What you have to do:
What is wanted is every line below from the one with "Трапеция привода стеклоочистителя" up to and including the one with "Junioren-Fußball vom Wochenende", retyped exactly, pictures excluded, nothing else.

Source data:
- - - - -

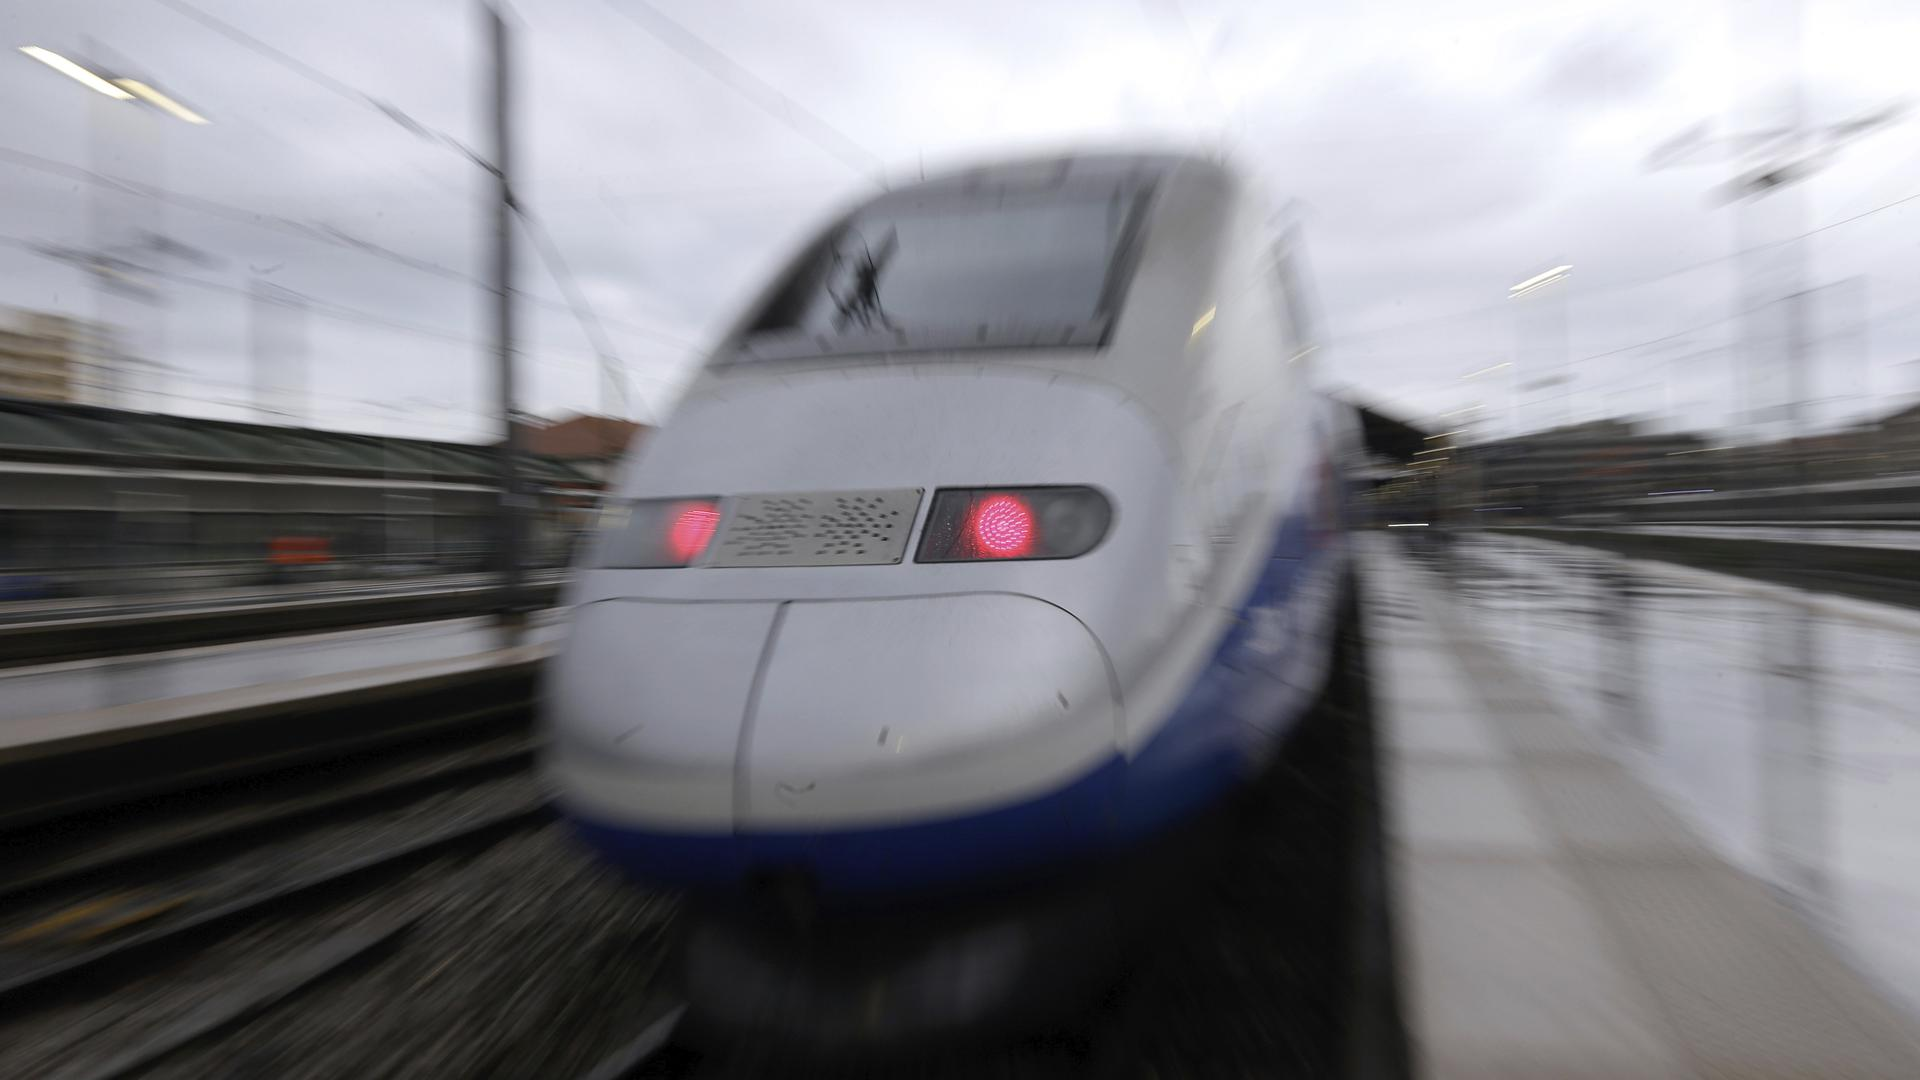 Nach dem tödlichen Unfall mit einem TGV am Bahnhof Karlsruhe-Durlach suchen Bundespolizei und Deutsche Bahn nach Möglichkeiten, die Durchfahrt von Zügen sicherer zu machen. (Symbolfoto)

- - - - -

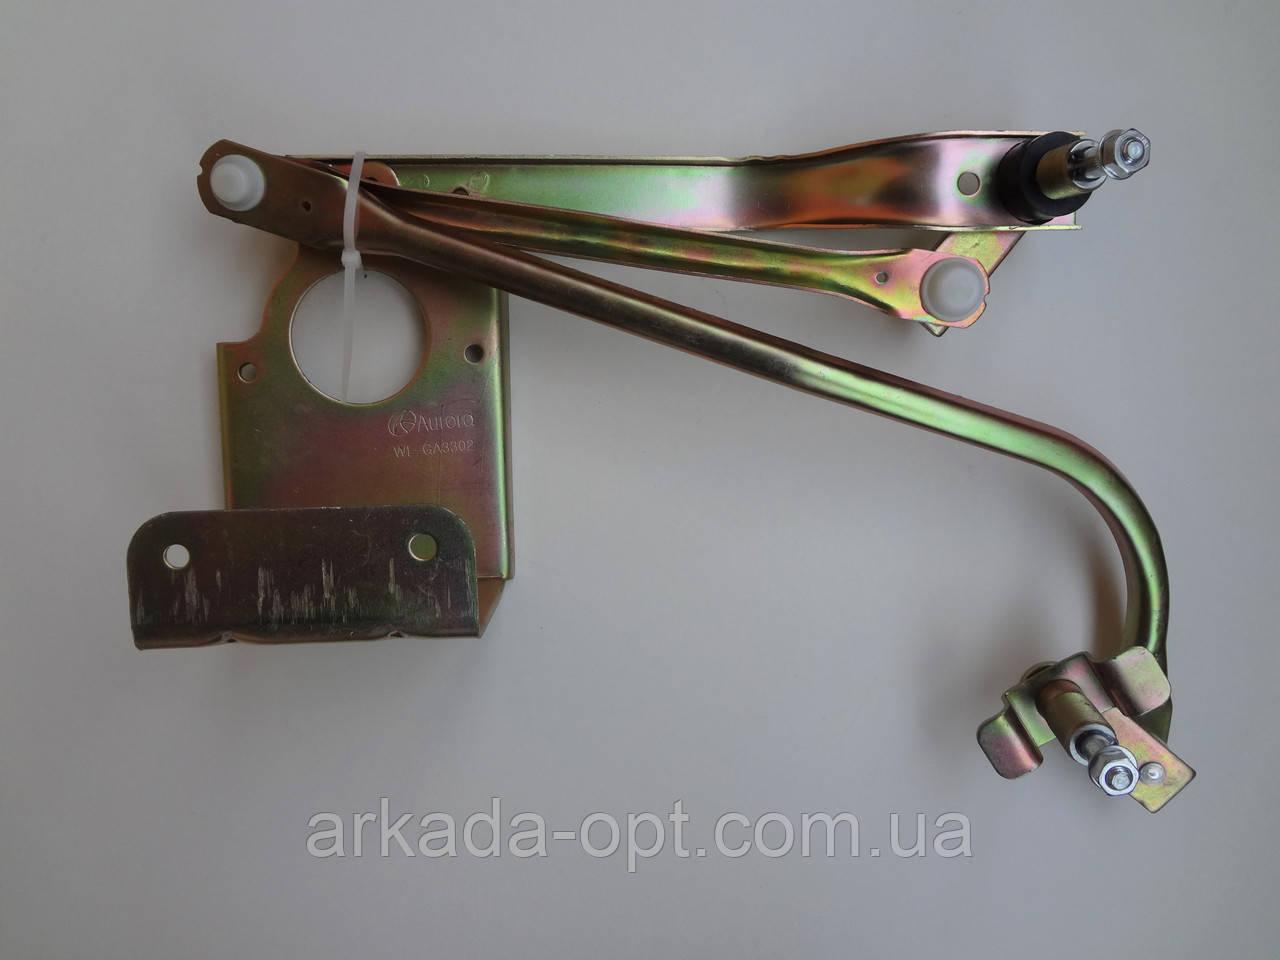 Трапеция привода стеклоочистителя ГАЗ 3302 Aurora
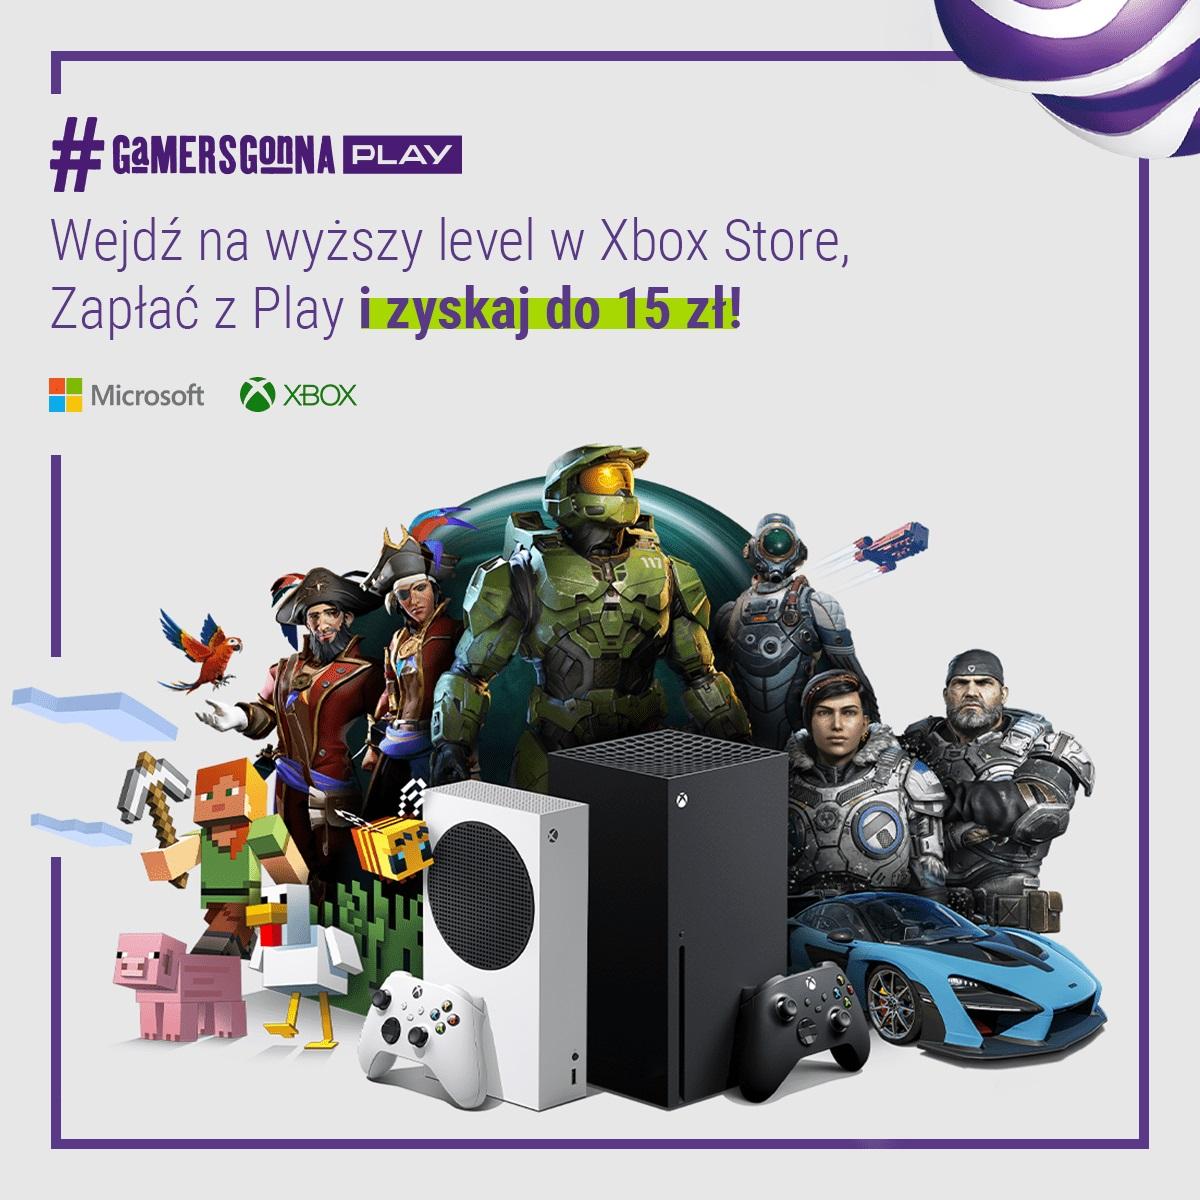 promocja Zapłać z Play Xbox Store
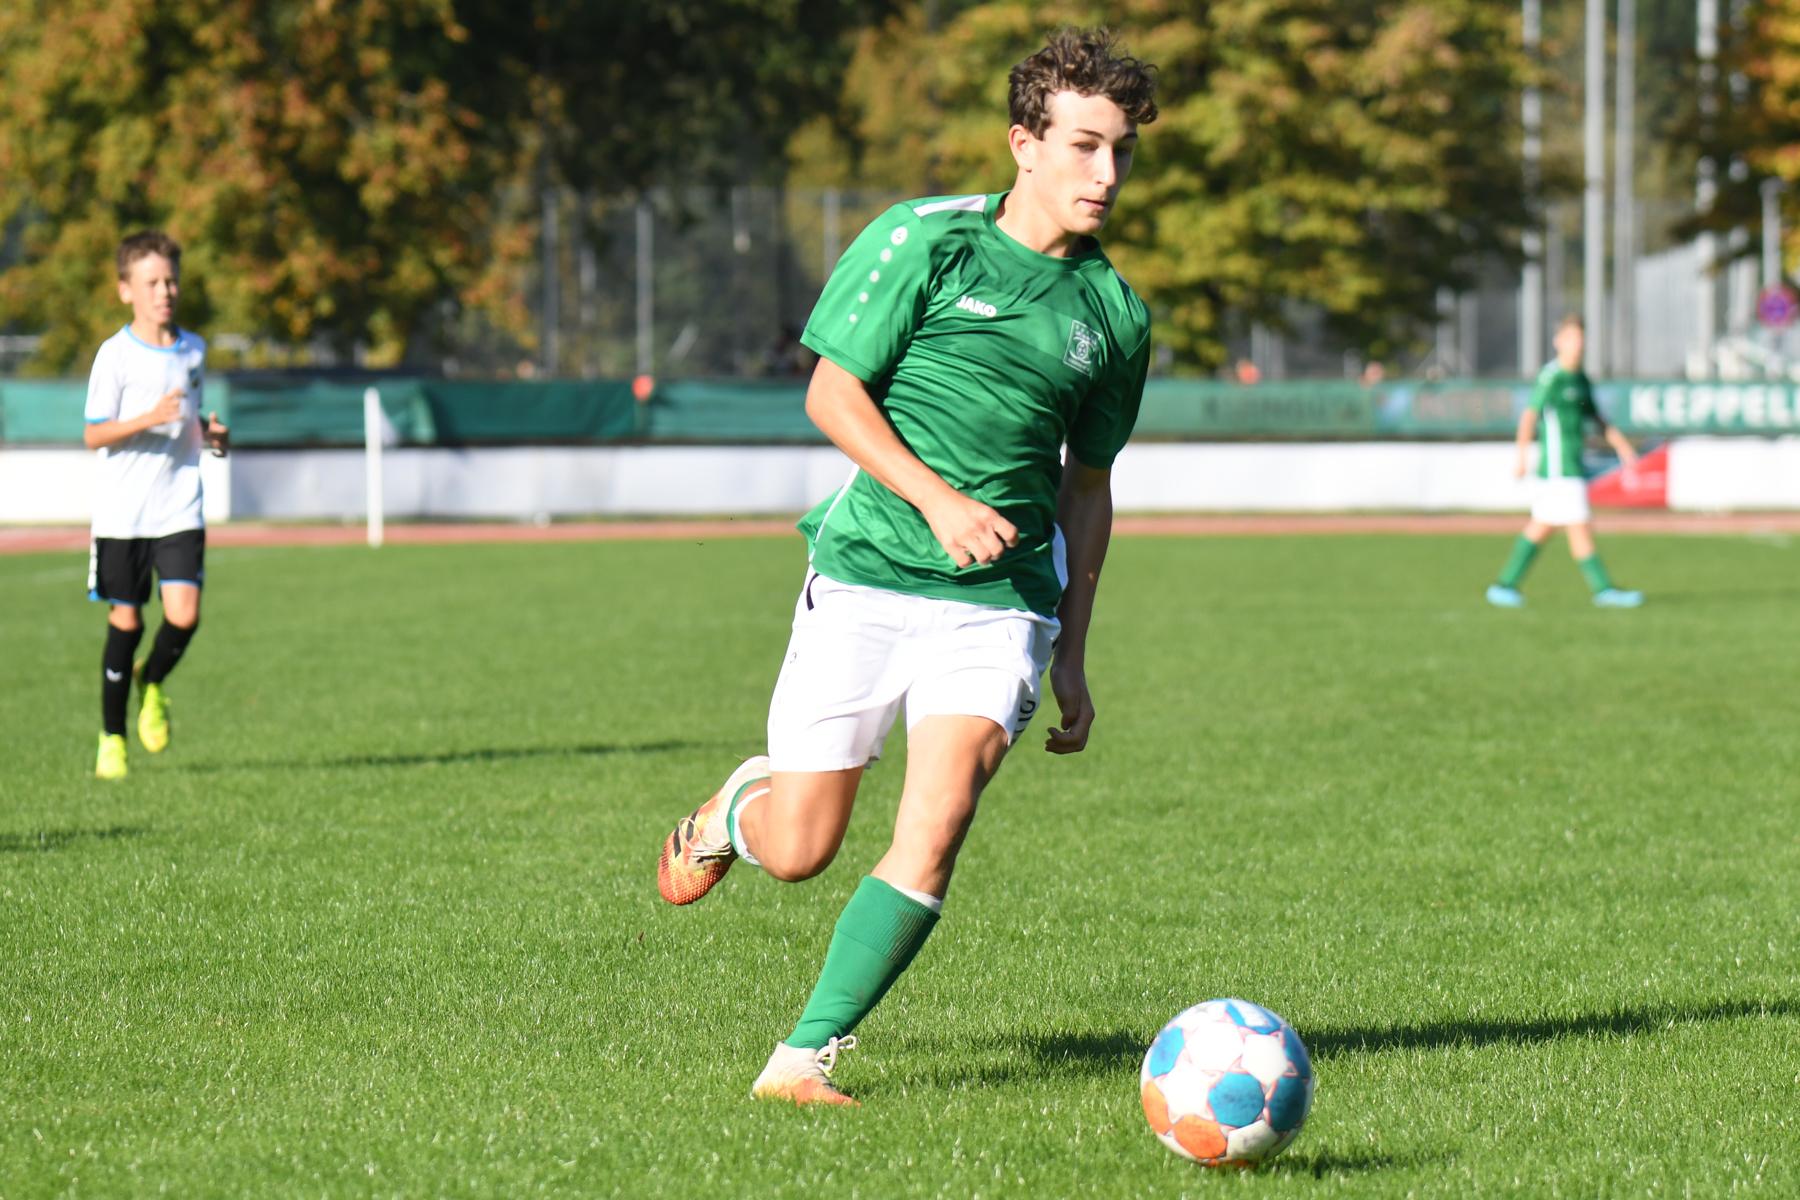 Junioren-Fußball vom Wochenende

- - - - -

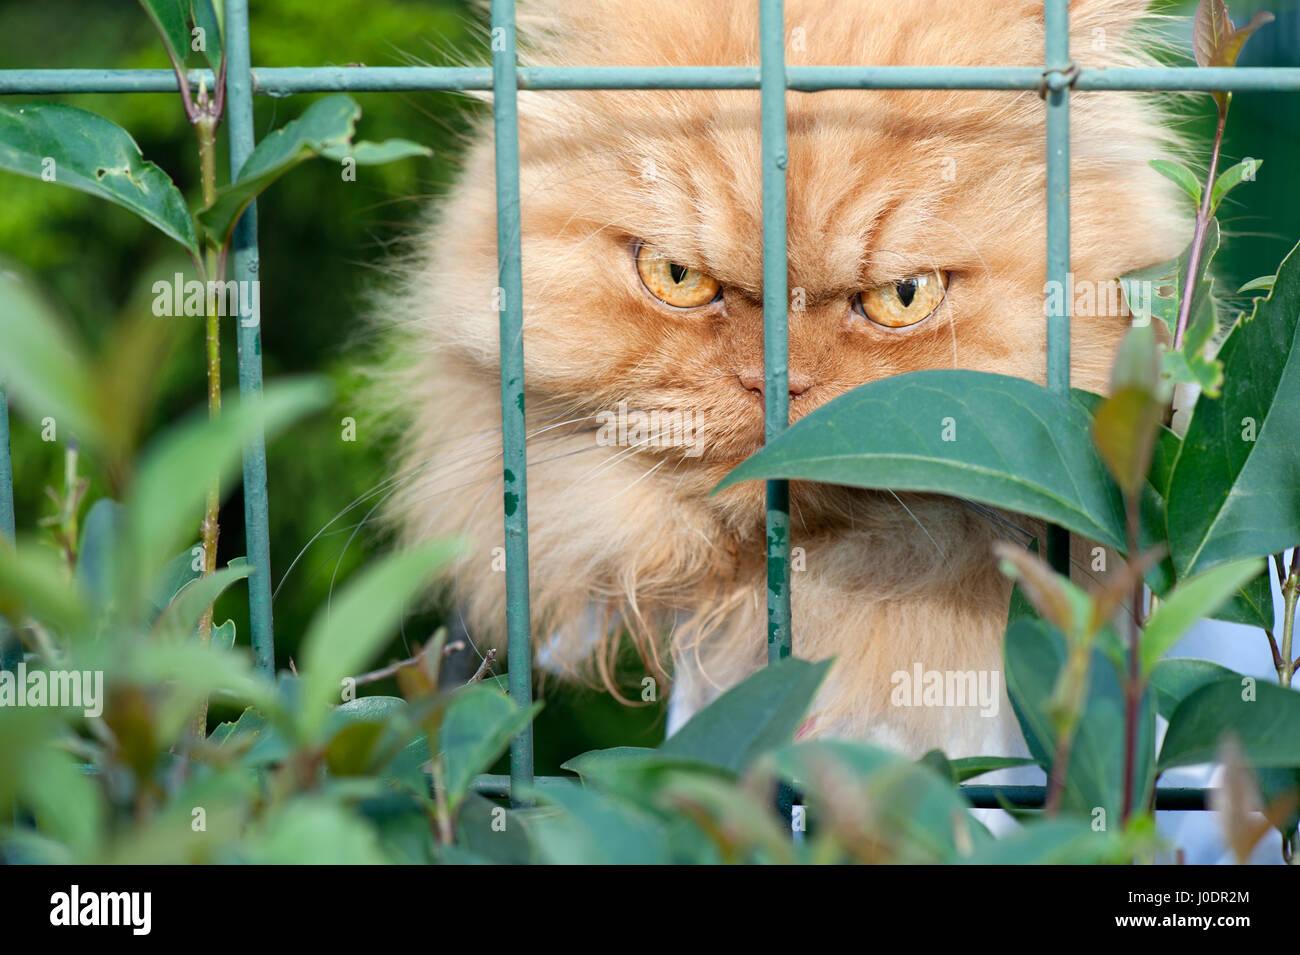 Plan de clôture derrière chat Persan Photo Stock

- - - - -

Response to this exercise:
 Трапеция привода стеклоочистителя ГАЗ 3302 Aurora
 promocja Zapłać z Play Xbox Store
 Junioren-Fußball vom Wochenende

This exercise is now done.